With the right capabilities, infrastructure such as the data platform can provide a comprehensive view of data and access by multiple teams. Some of the logistics can be handled at the platform level, easing the job of the data engineer who might otherwise have to build all this in the application. Similarly using a data platform makes a big difference to operations, in terms of performance, ease of monitoring and reliability.

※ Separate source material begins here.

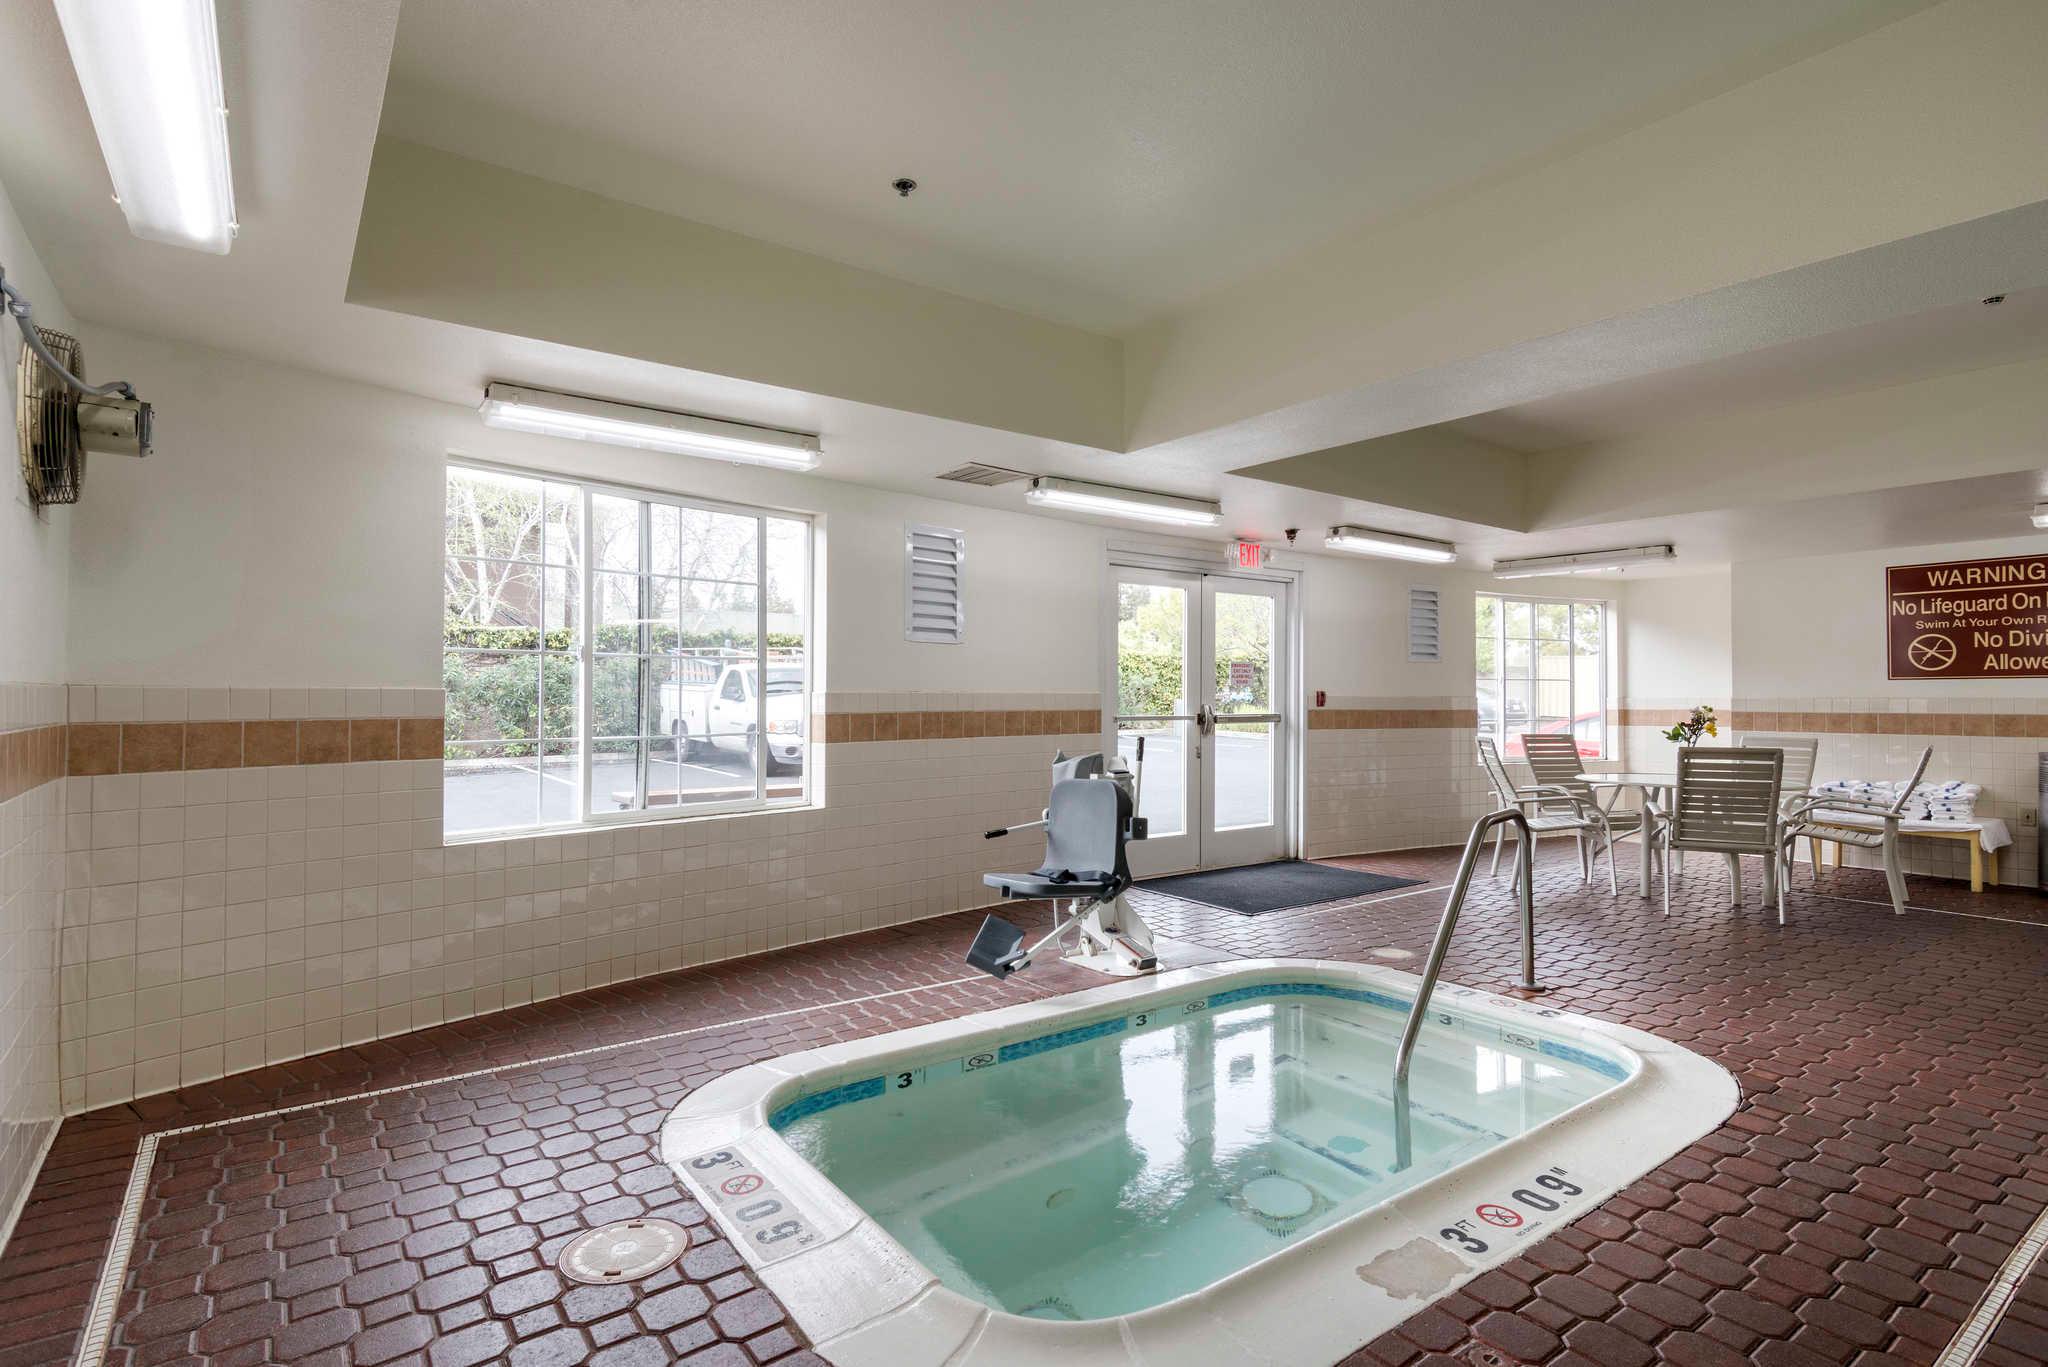 Comfort Inn & Suites Sacramento - University Area image 31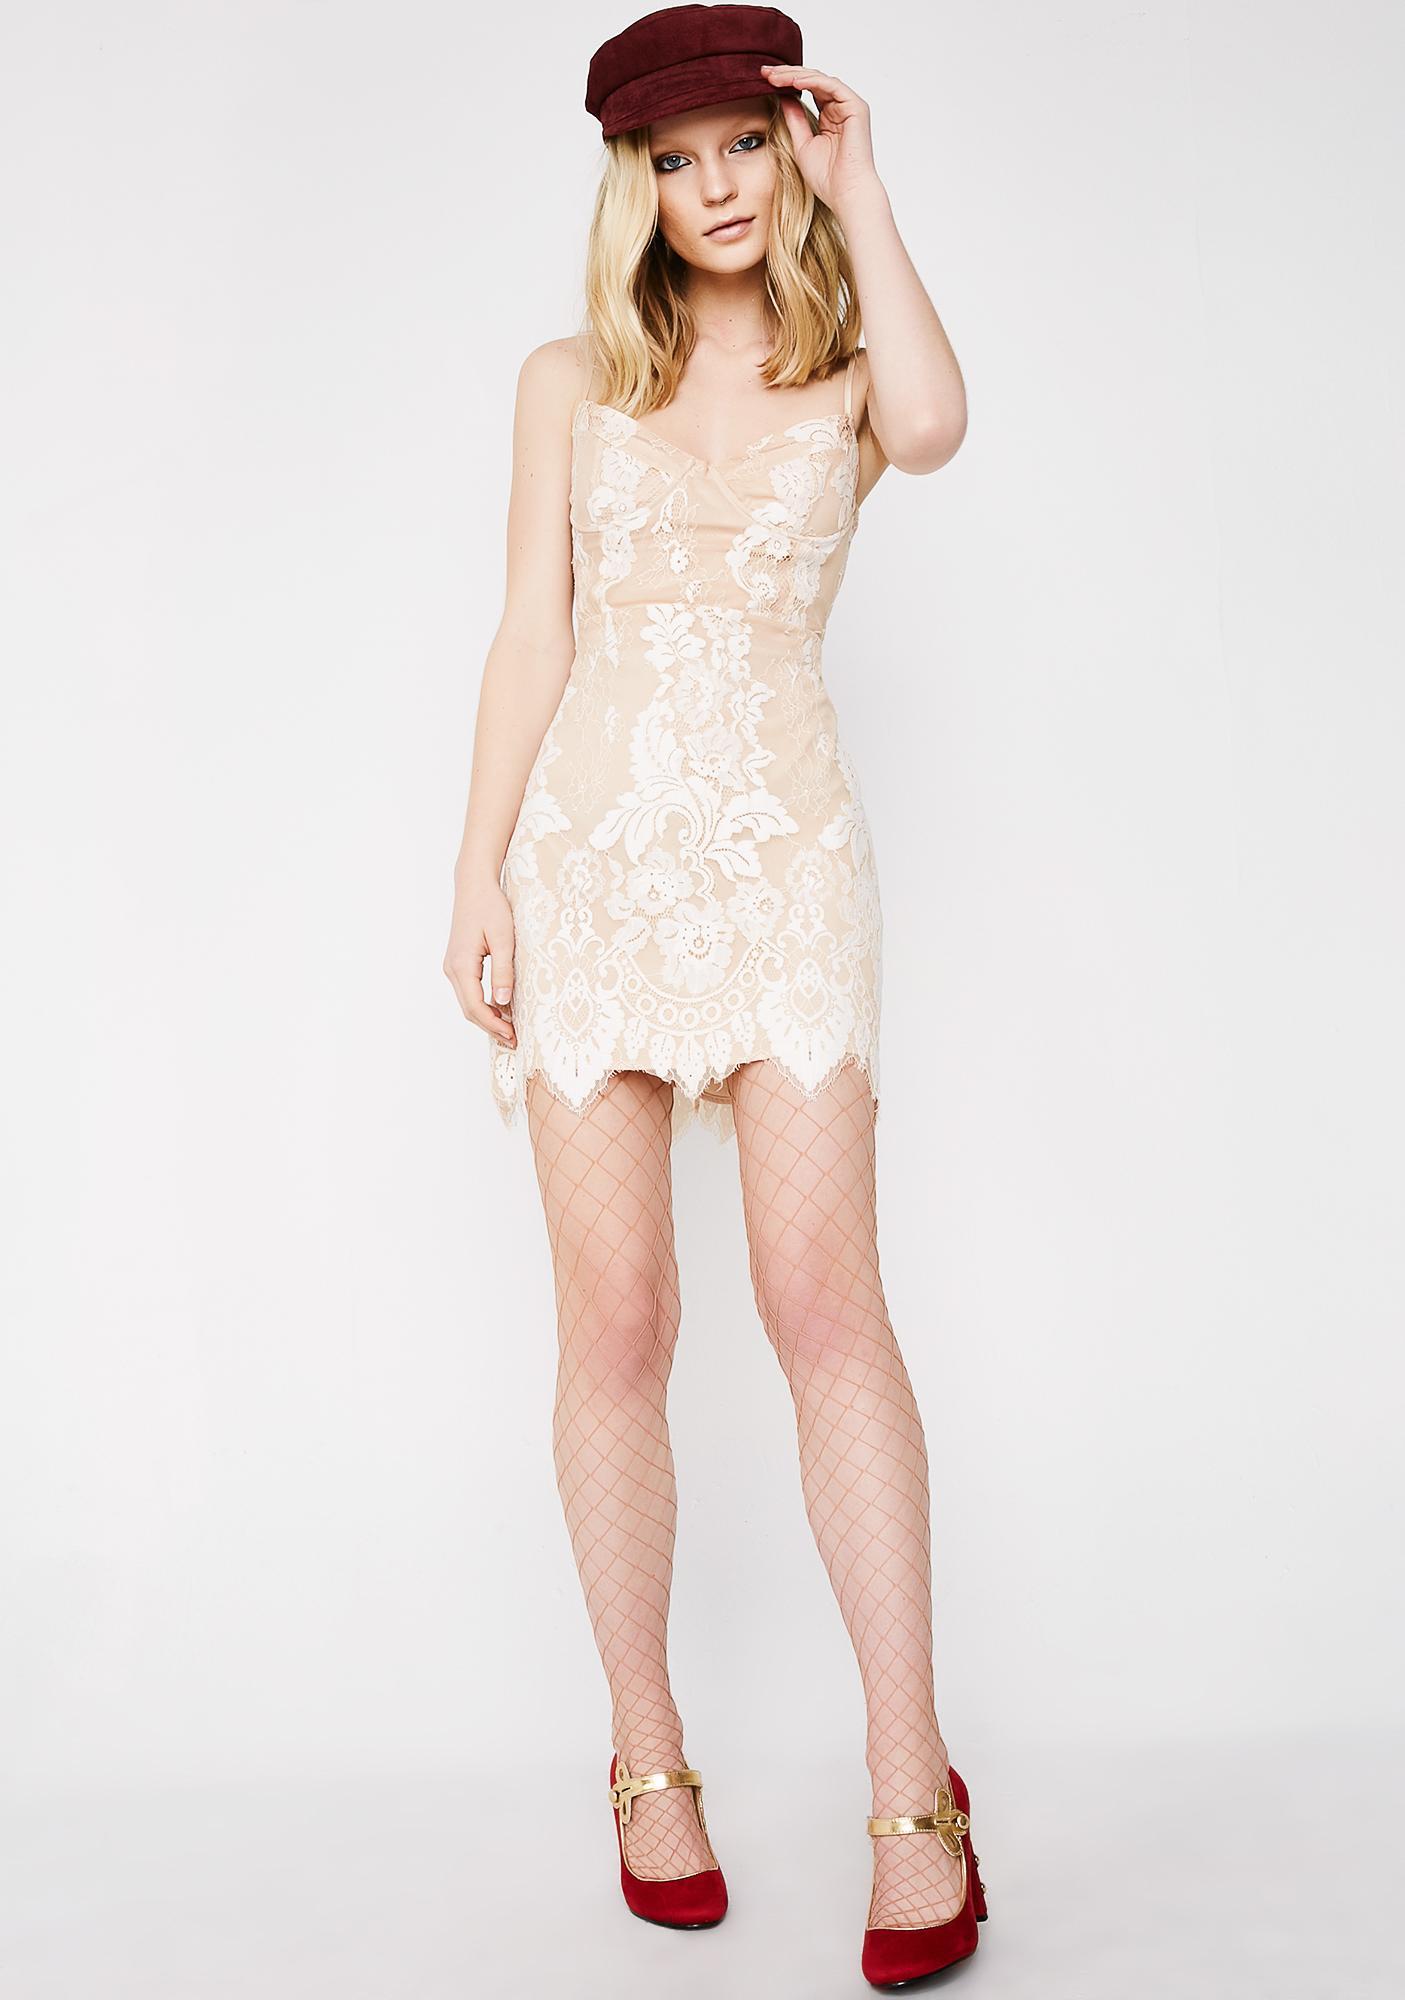 Lookin' Lacey Dress

DataOps in Machine Learning
The special case of machine learning and AI applications emphasizes the usefulness of a DataOps organization. Increasingly, people are realizing that a large part of what matters for successful machine learning goes far beyond the algorithm – logistics such as well-managed models and input or training data are essential for machine learning to have a practical impact. It’s not surprising that data engineers, for instance, are beginning to be seen as being just as important to a machine learning team as are the data scientists. DataOps makes it more likely for machine learning applications– like other data-intensive applications – to be successful in production.